* EXERCISE REQUIREMENTS
The material below holds pictures, which are to be left out; copy exactly the lines from the one with "Portrét Vojtecha Löfflera, 1944, autor" through the one with "lugar de trabajo, construcción".

* LISTED RECORDS
★ ★ ★ ★
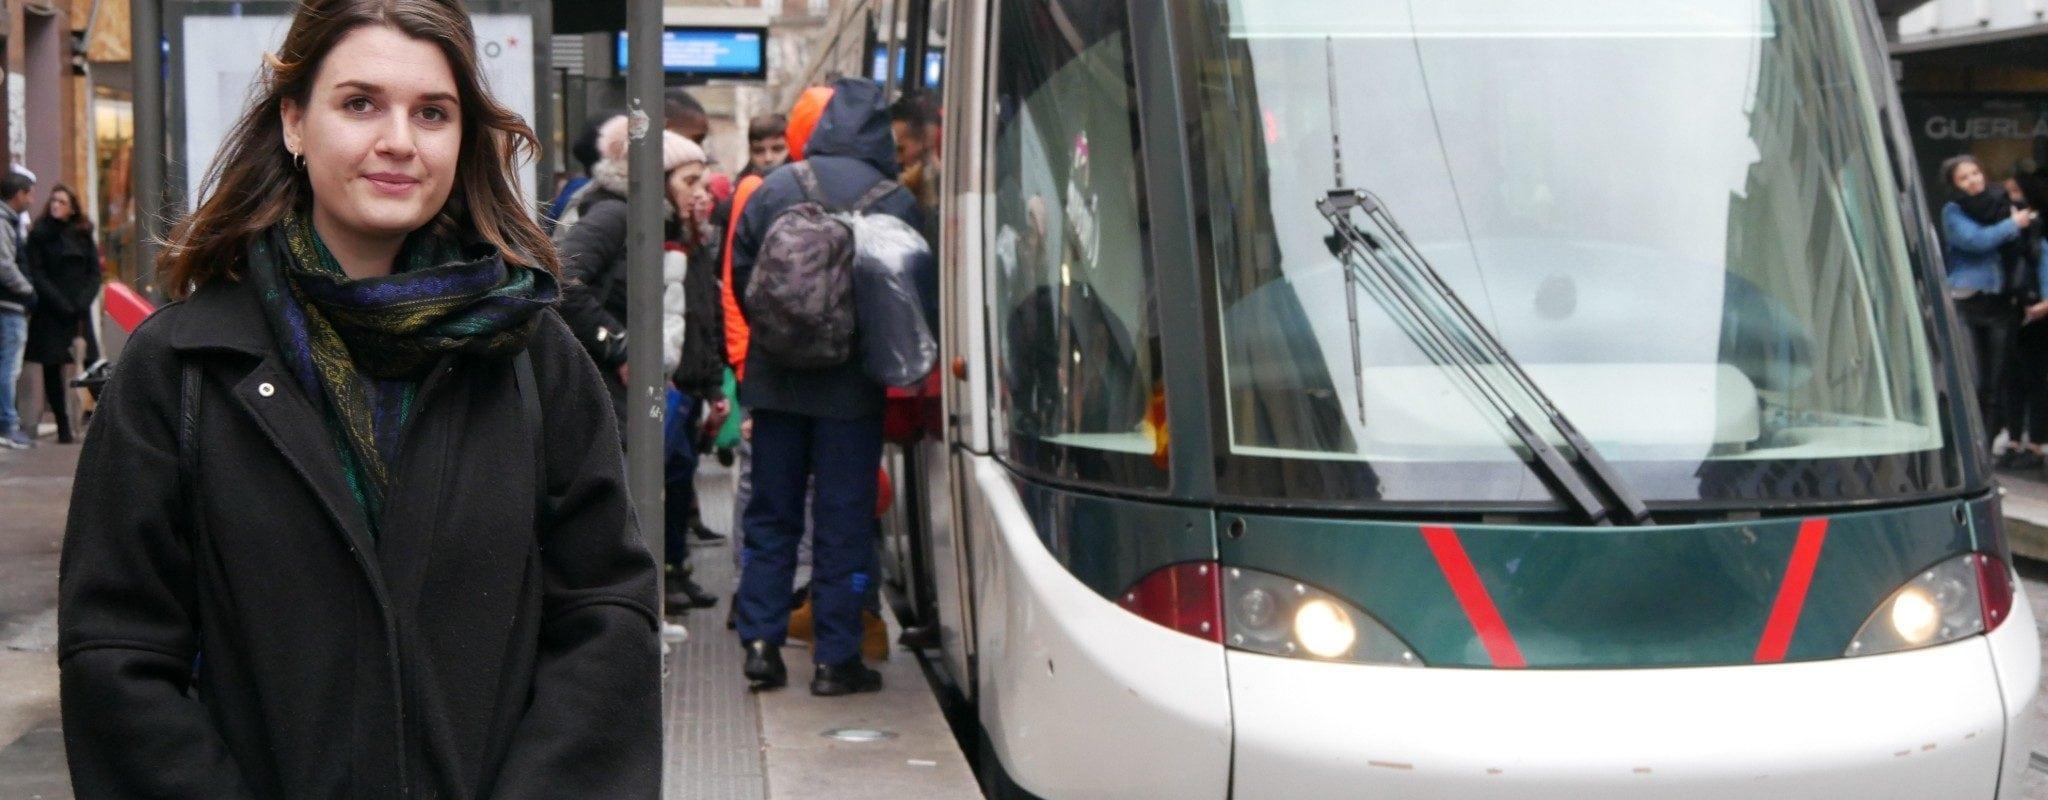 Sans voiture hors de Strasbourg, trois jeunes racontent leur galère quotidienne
★ ★ ★ ★
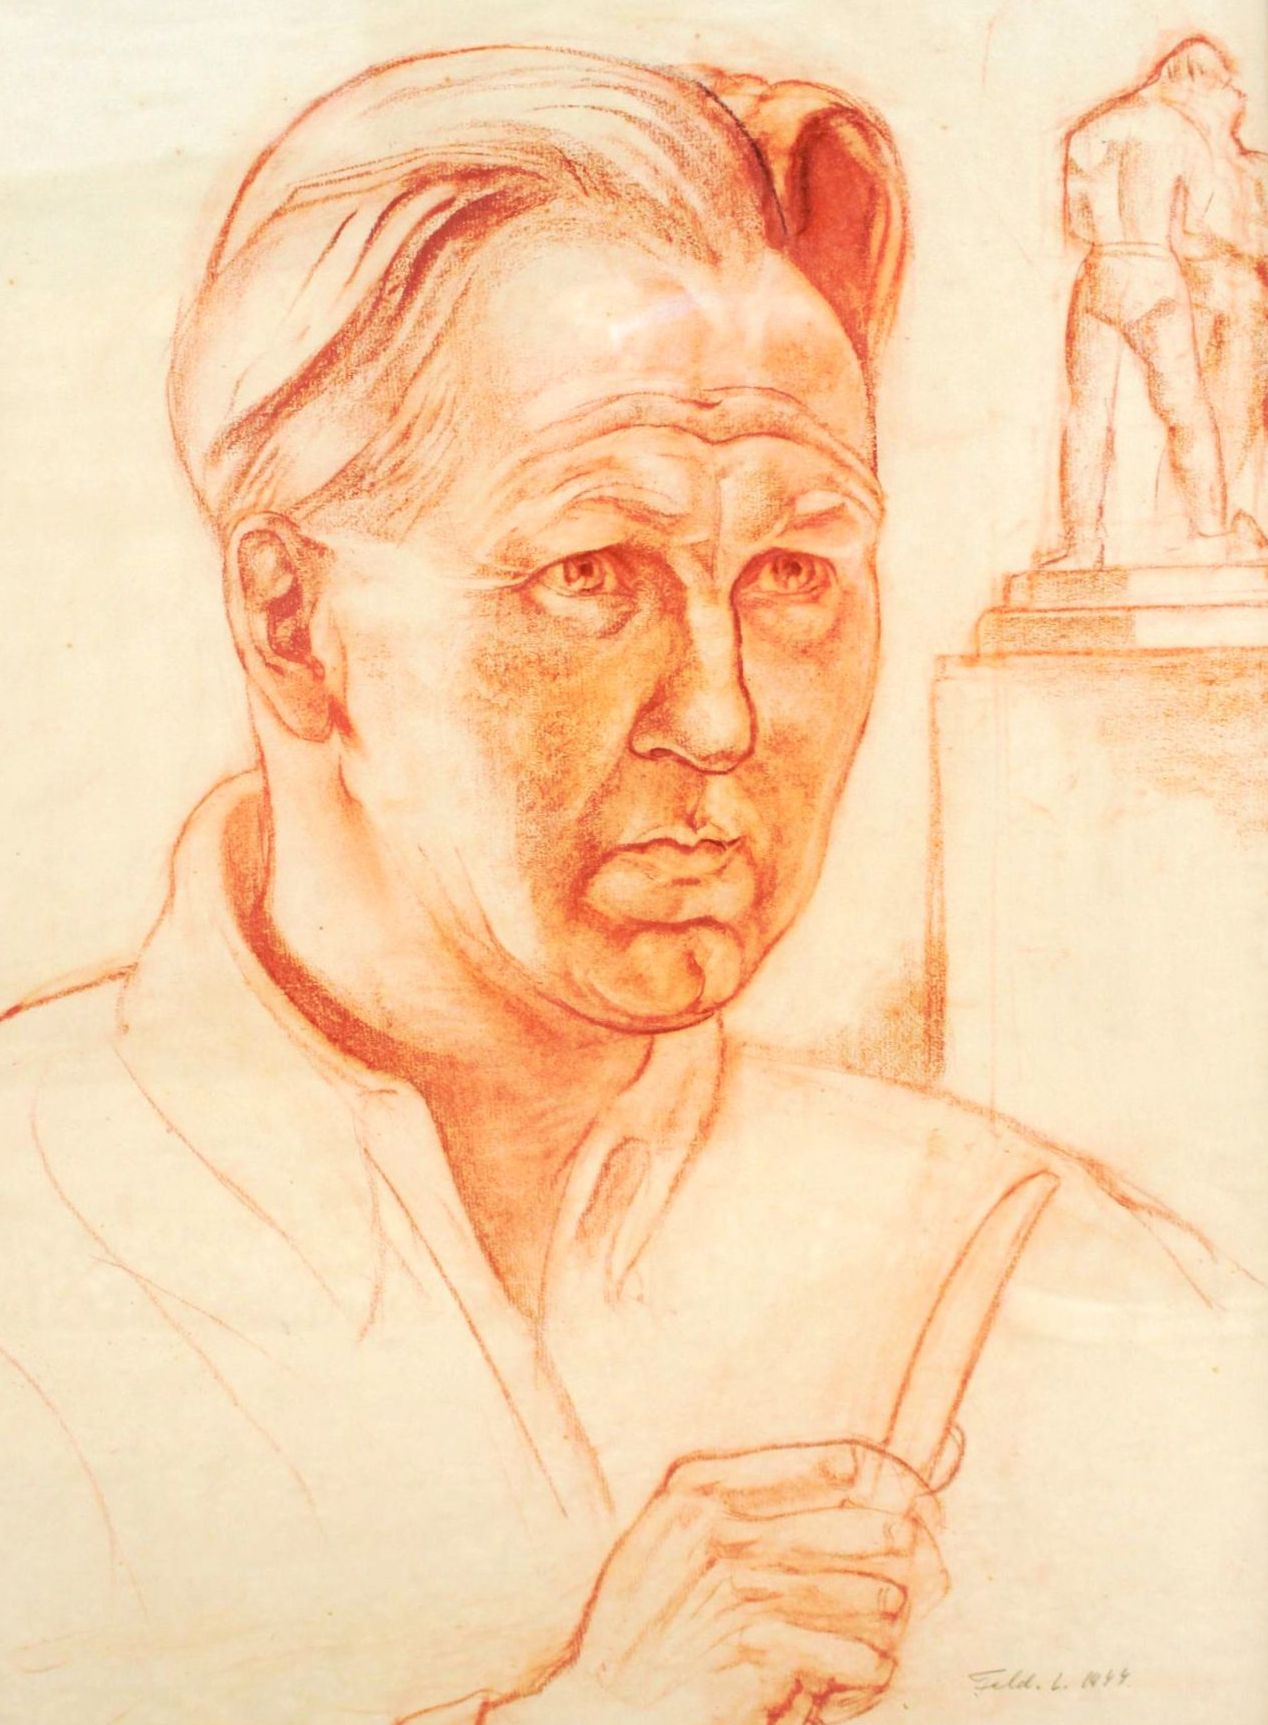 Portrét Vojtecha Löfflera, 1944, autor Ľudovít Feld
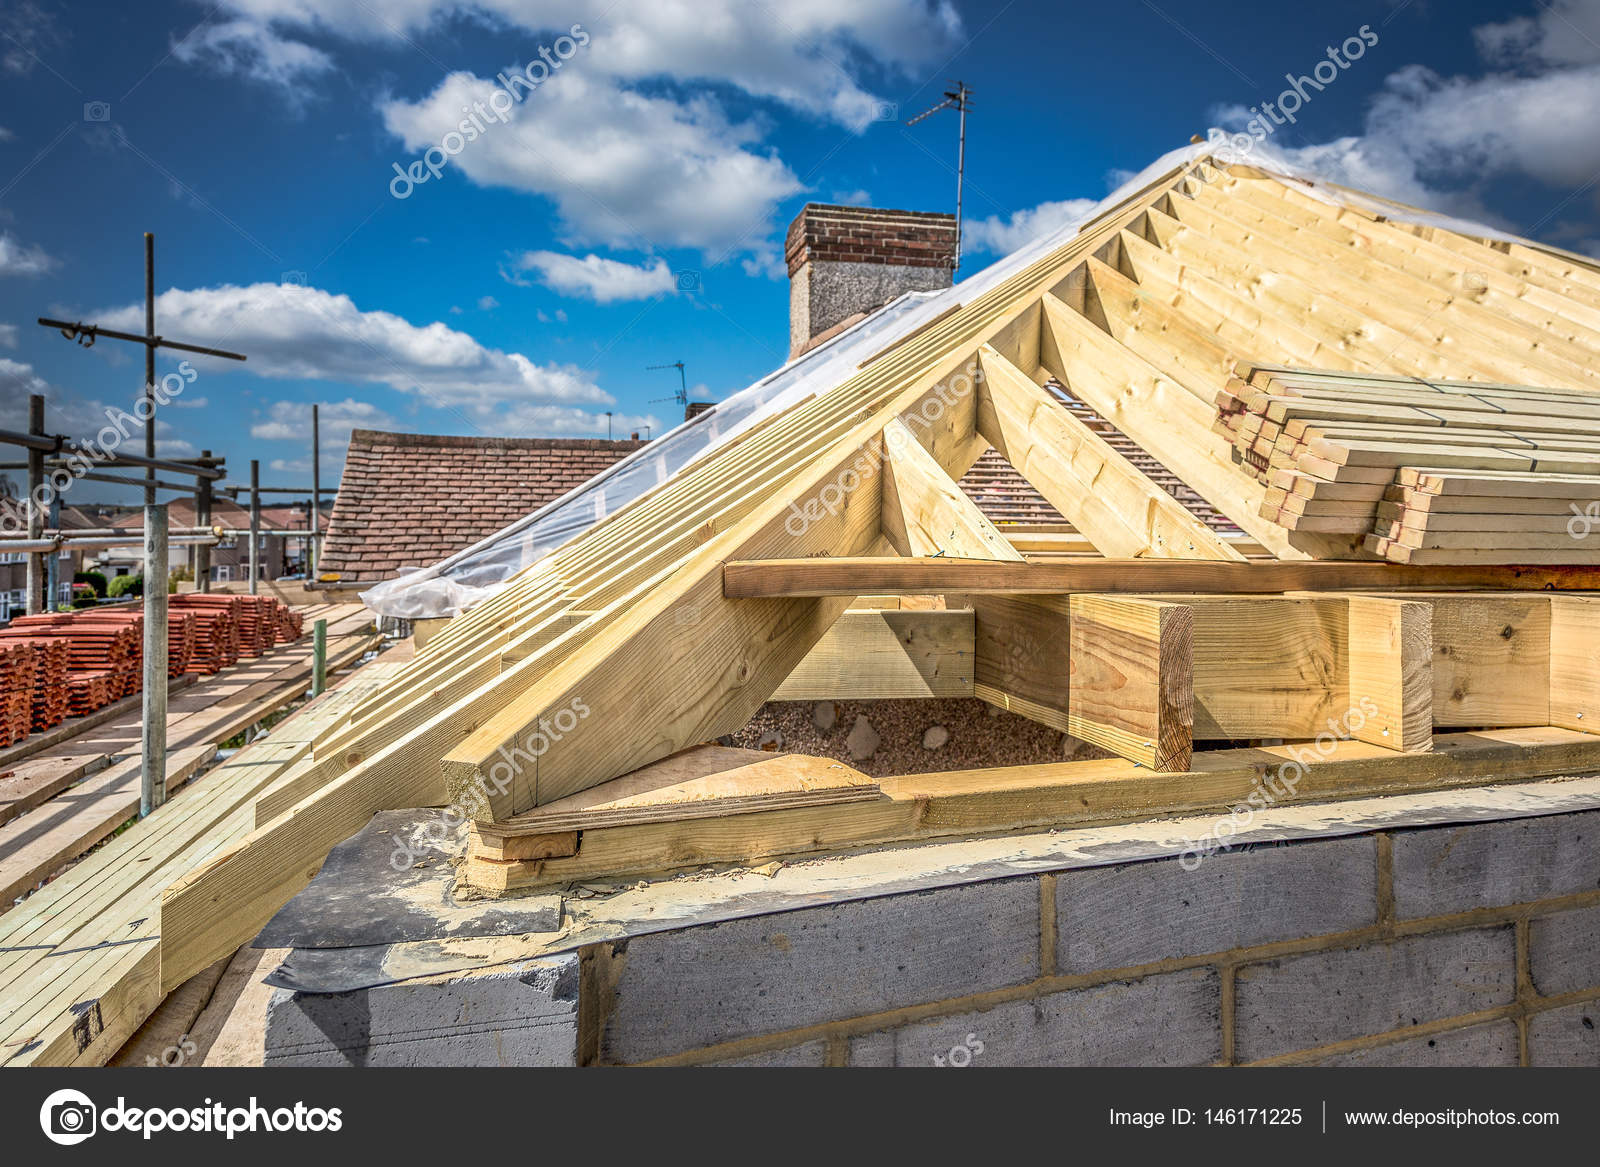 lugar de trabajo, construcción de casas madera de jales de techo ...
★ ★ ★ ★
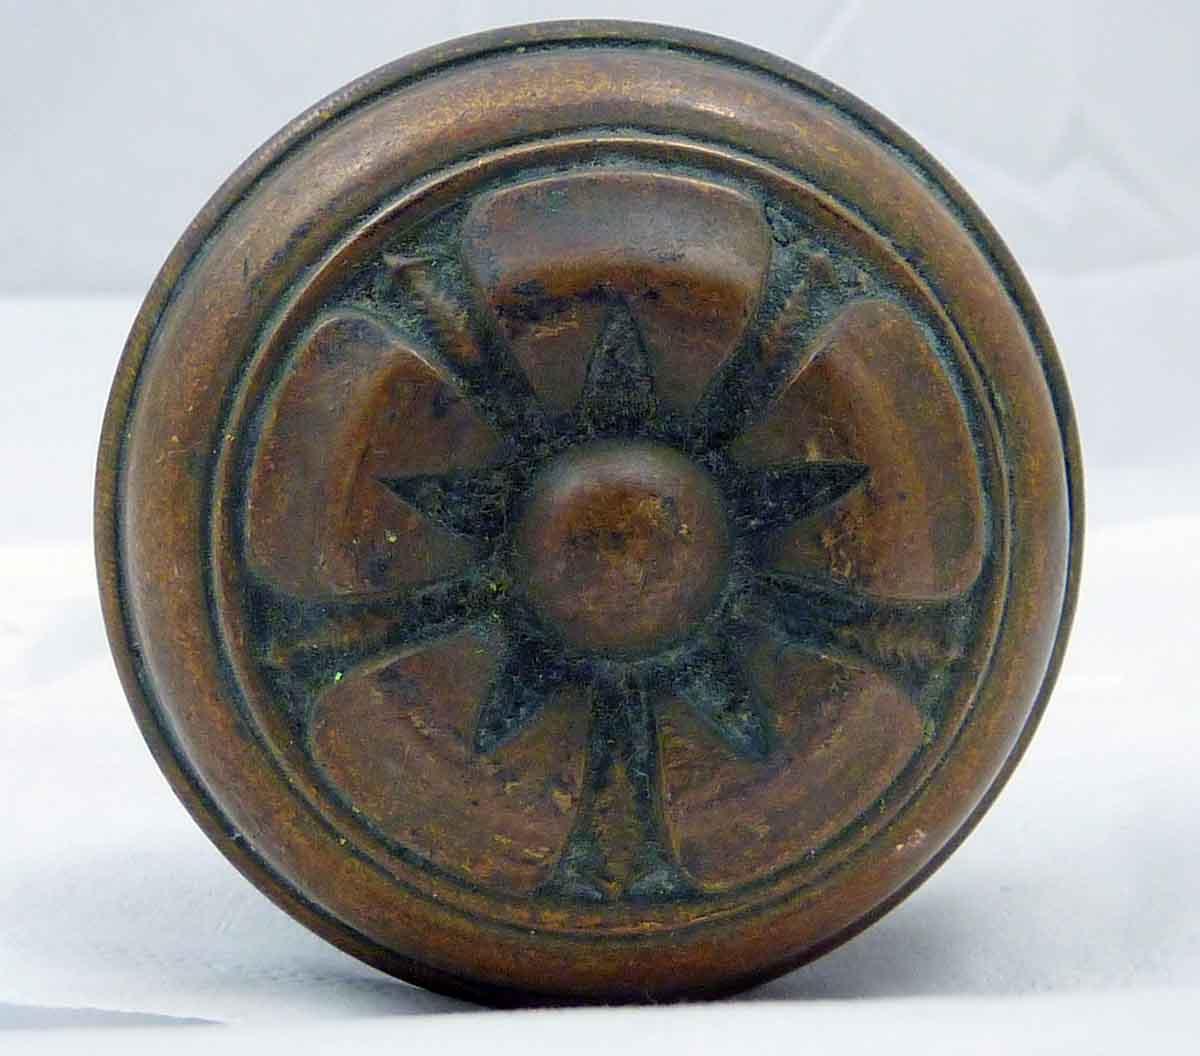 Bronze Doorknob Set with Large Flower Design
★ ★ ★ ★
* RESULT OF THE TASK
 Portrét Vojtecha Löfflera, 1944, autor Ľudovít Feld
 lugar de trabajo, construcción de casas madera de jales de techo ...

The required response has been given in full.